The Indego, as designed and manufactured, meets the Specified in 21 CFR 890.3480, and is determined to be substantially equivalent to the referenced predicate device.
§ 890.3480 Powered lower extremity exoskeleton.
(a)
Identification. A powered lower extremity exoskeleton is a prescription device that is composed of an external, powered, motorized orthosis that is placed over a person's paralyzed or weakened limbs for medical purposes.(b)
Classification. Class II (special controls). The special controls for this device are:(1) Elements of the device materials that may contact the patient must be demonstrated to be biocompatible.
(2) Appropriate analysis/testing must validate electromagnetic compatibility/interference (EMC/EMI), electrical safety, thermal safety, mechanical safety, battery performance and safety, and wireless performance, if applicable.
(3) Appropriate software verification, validation, and hazard analysis must be performed.
(4) Design characteristics must ensure geometry and materials composition are consistent with intended use.
(5) Non-clinical performance testing must demonstrate that the device performs as intended under anticipated conditions of use.

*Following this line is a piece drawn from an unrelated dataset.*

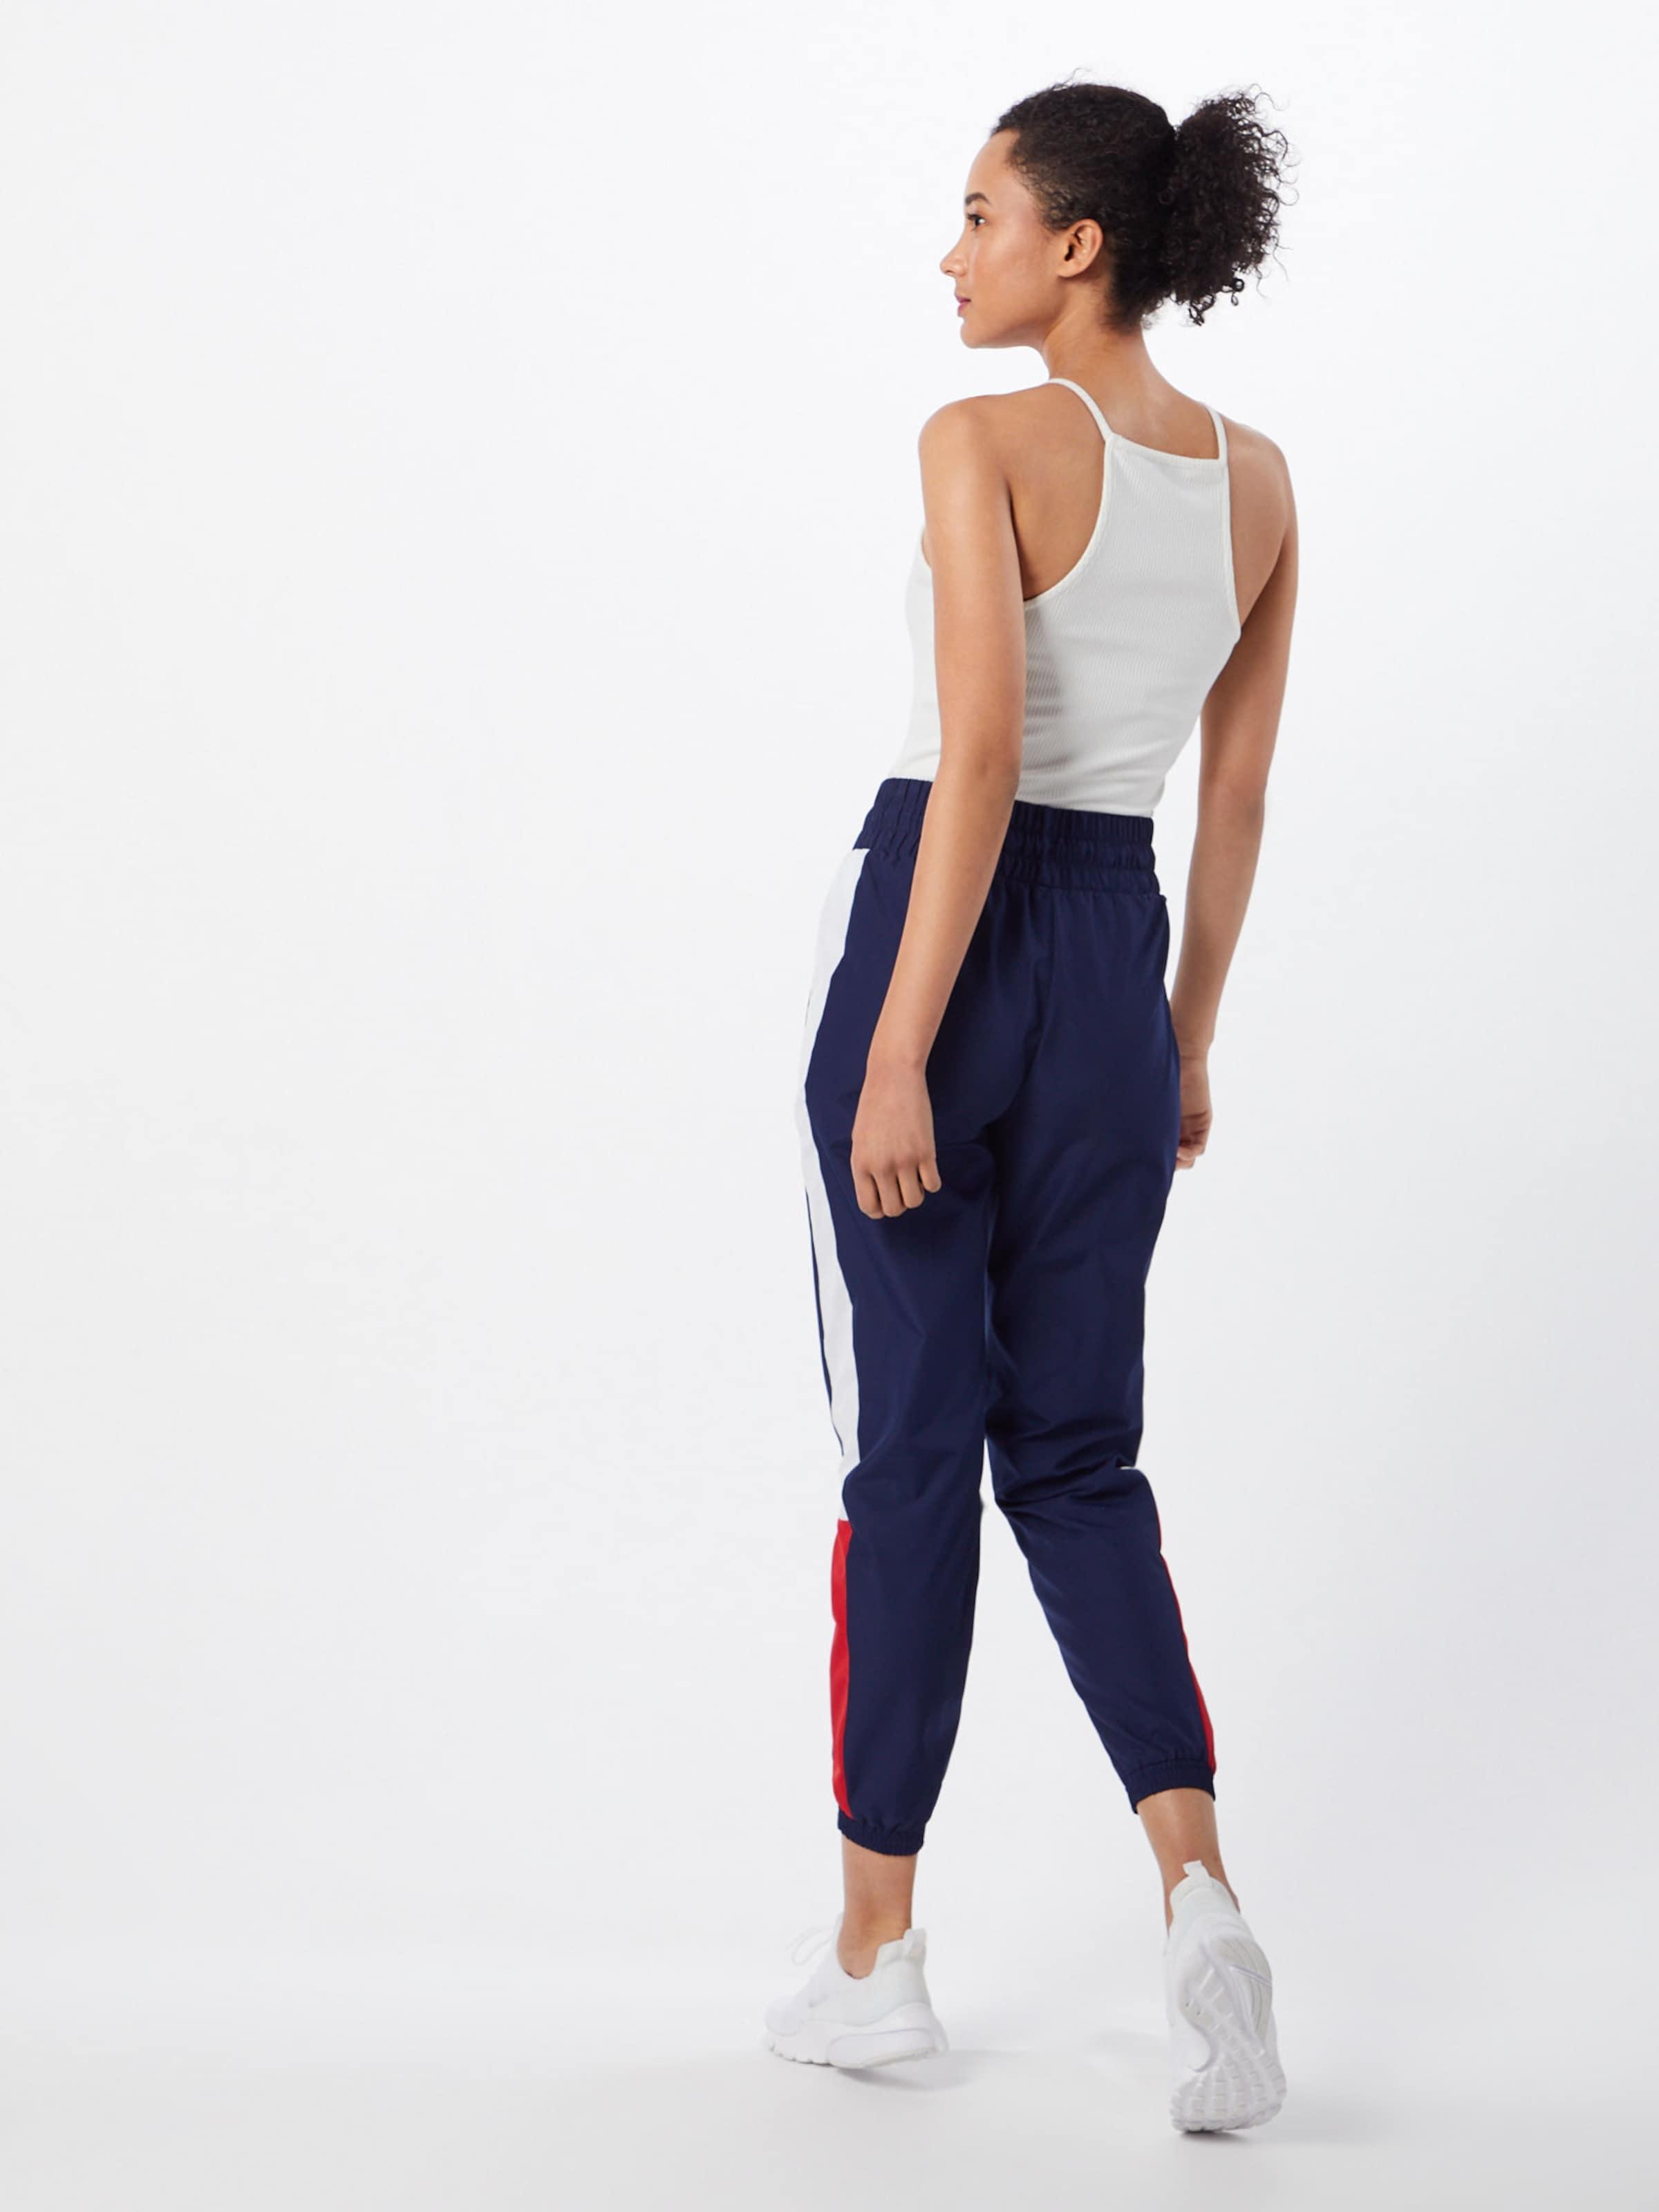 Wind Balance ' 'athletics Bleu MarineRouge Pantalon En New Blanc 80kwPXnO

Performance testing must include:
(i) Mechanical bench testing (including durability testing) to demonstrate that the device will withstand forces, conditions, and environments encountered during use;
(ii) Simulated use testing (
i.e., cyclic loading testing) to demonstrate performance of device commands and safeguard under worst case conditions and after durability testing;(iii) Verification and validation of manual override controls are necessary, if present;
(iv) The accuracy of device features and safeguards; and
(v) Device functionality in terms of flame retardant materials, liquid/particle ingress prevention, sensor and actuator performance, and motor performance.
(6) Clinical testing must demonstrate a reasonable assurance of safe and effective use and capture any adverse events observed during clinical use when used under the proposed conditions of use, which must include considerations for:
(i) Level of supervision necessary, and
(ii) Environment of use (
e.g., indoors and/or outdoors) including obstacles and terrain representative of the intended use environment.(7) A training program must be included with sufficient educational elements so that upon completion of training program, the clinician, user, and companion can:
(i) Identify the safe environments for device use,
(ii) Use all safety features of device, and
(iii) Operate the device in simulated or actual use environments representative of indicated environments and use.

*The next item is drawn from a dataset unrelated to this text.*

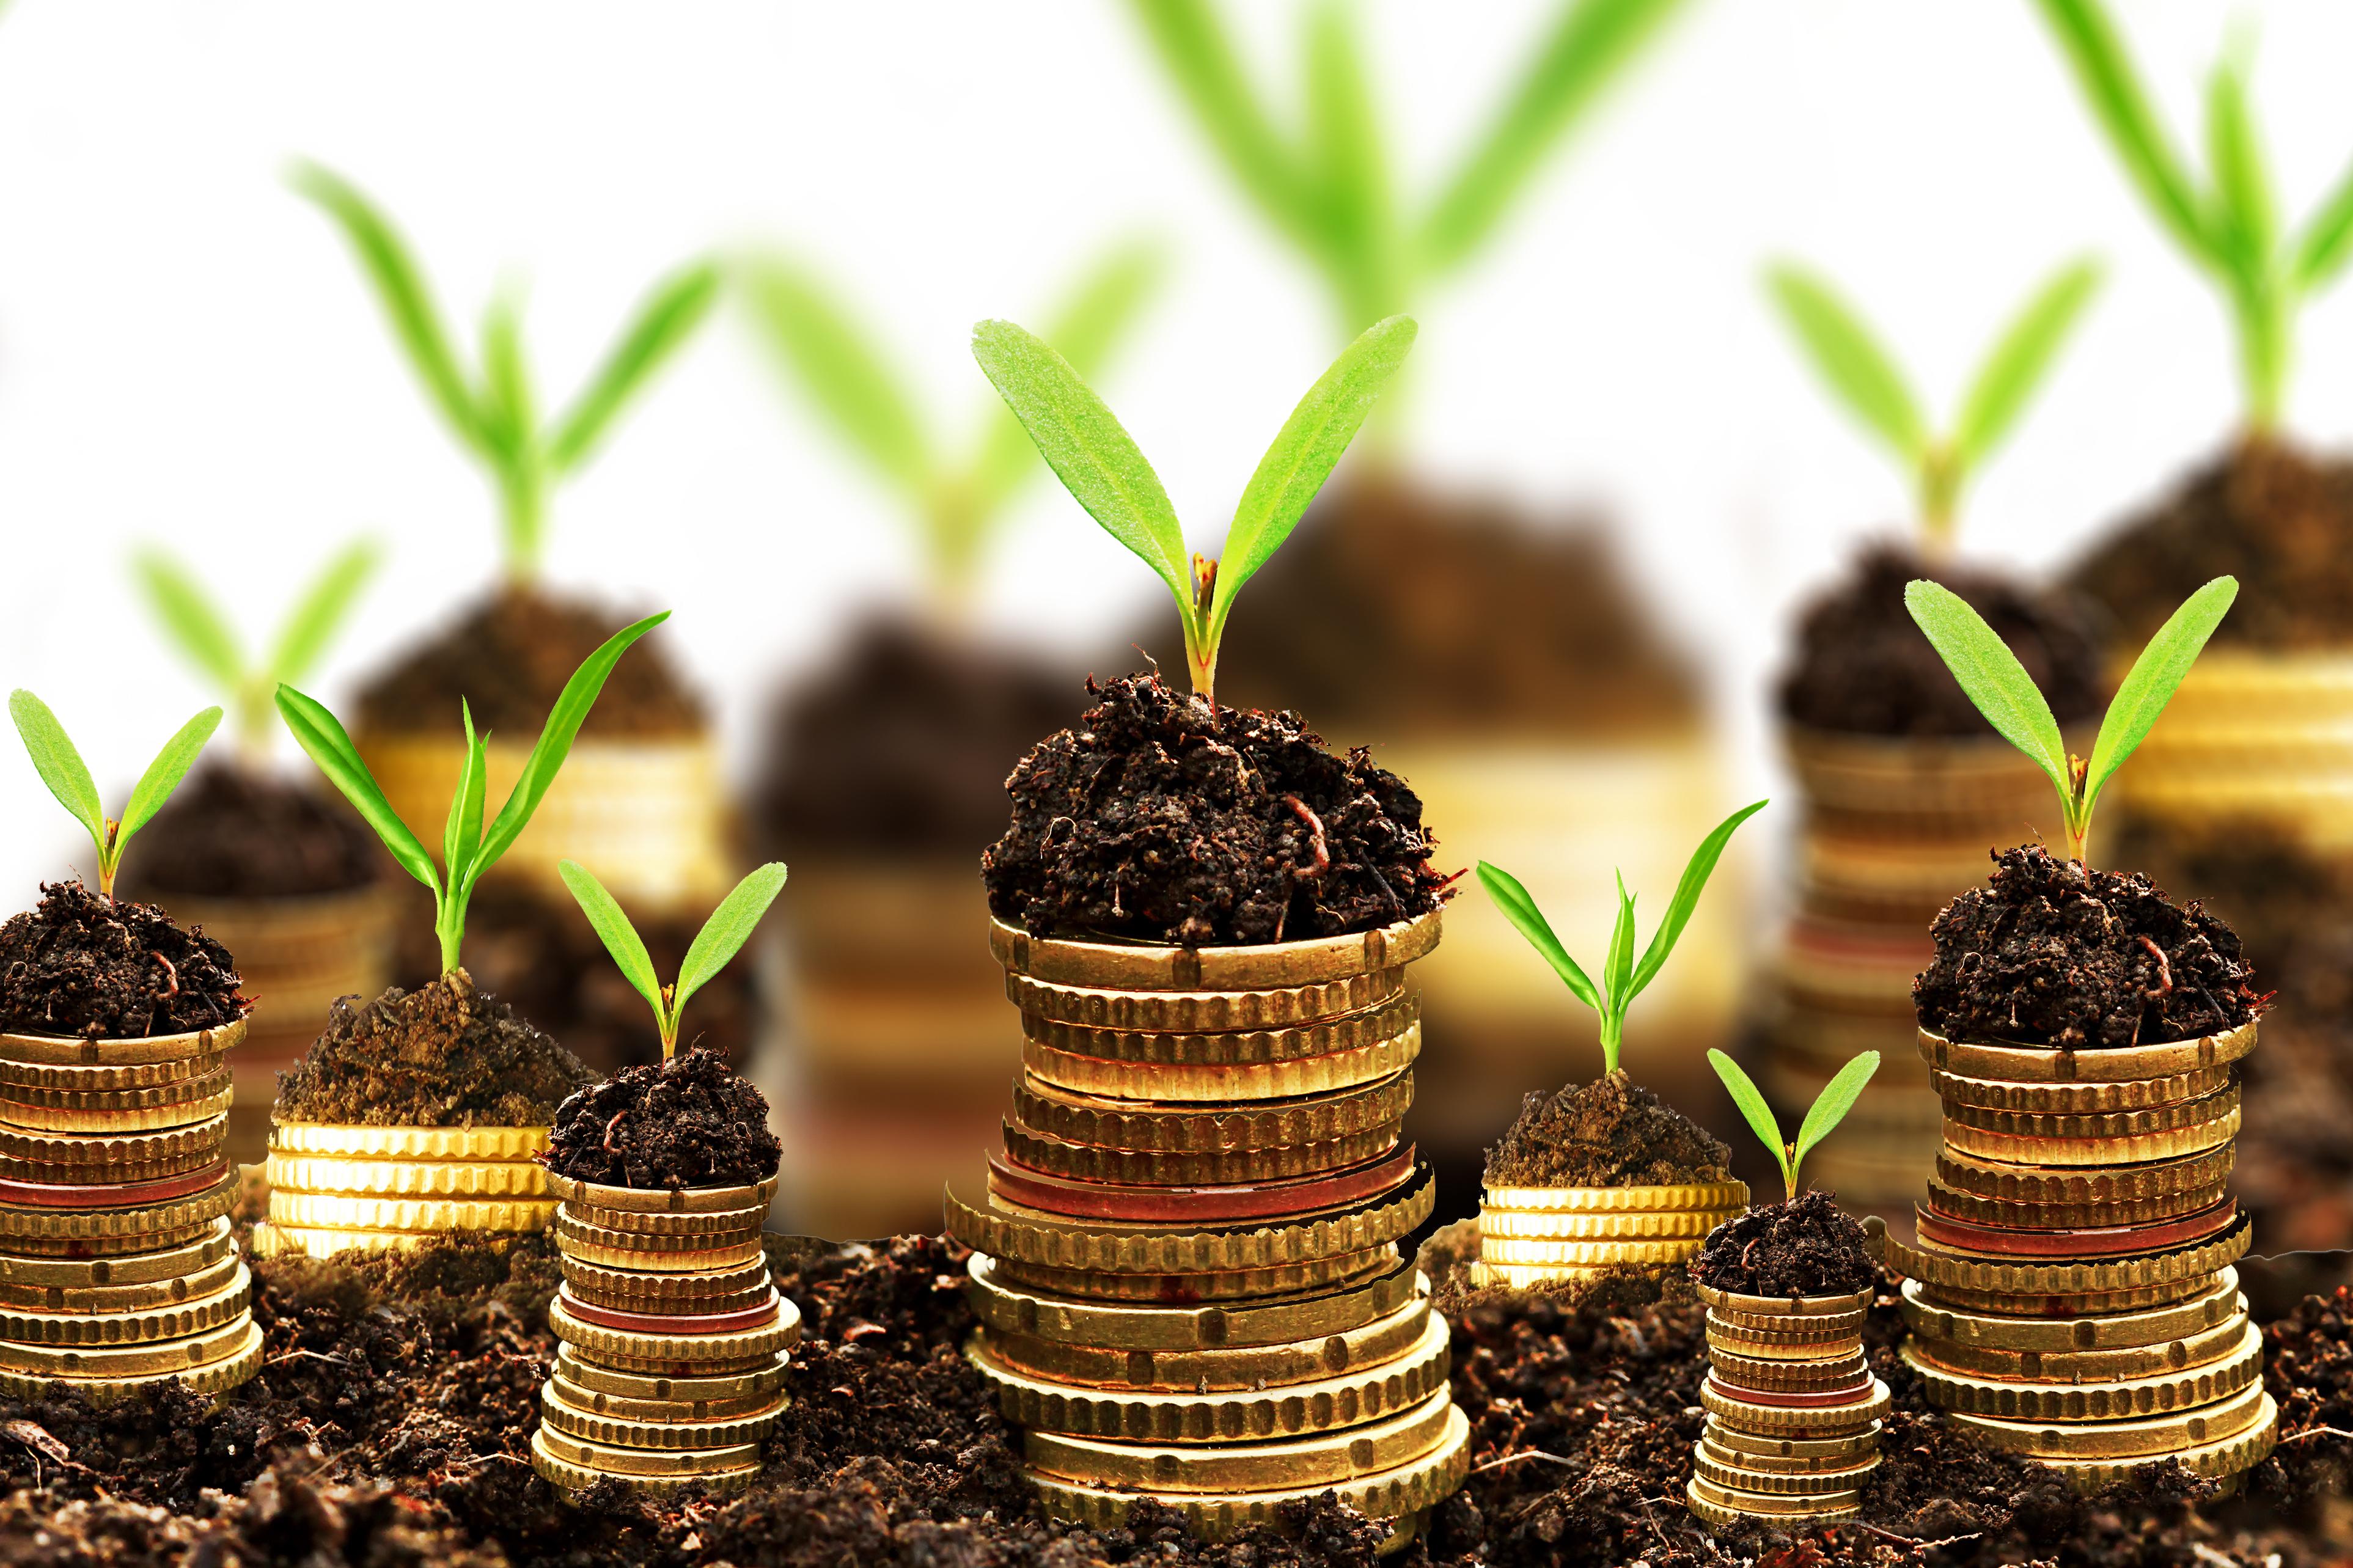 инвесторы дающие деньги в долг онлайн заявка на кредит под залог автомобиля в почта банке

(8) Labeling for the Physician and User must include the following:
(i) Appropriate instructions, warning, cautions, limitations, and information related to the necessary safeguards of the device, including warning against activities and environments that may put the user at greater risk.
(ii) Specific instructions and the clinical training needed for the safe use of the device, which includes:
(A) Instructions on assembling the device in all available configurations;
(B) Instructions on fitting the patient;
(C) Instructions and explanations of all available programs and how to program the device;
(D) Instructions and explanation of all controls, input, and outputs;
(E) Instructions on all available modes or states of the device;
(F) Instructions on all safety features of the device; and
(G) Instructions for properly maintaining the device.
(iii) Information on the patient population for which the device has been demonstrated to have a reasonable assurance of safety and effectiveness.
(iv) Pertinent non-clinical testing information (
e.g., EMC, battery longevity).(v) A detailed summary of the clinical testing including:
(A) Adverse events encountered under use conditions,
(B) Summary of study outcomes and endpoints, and
(C) Information pertinent to use of the device including the conditions under which the device was studied (
e.g., level of supervision or assistance, and environment of use (e.g., indoors and/or outdoors) including obstacles and terrain).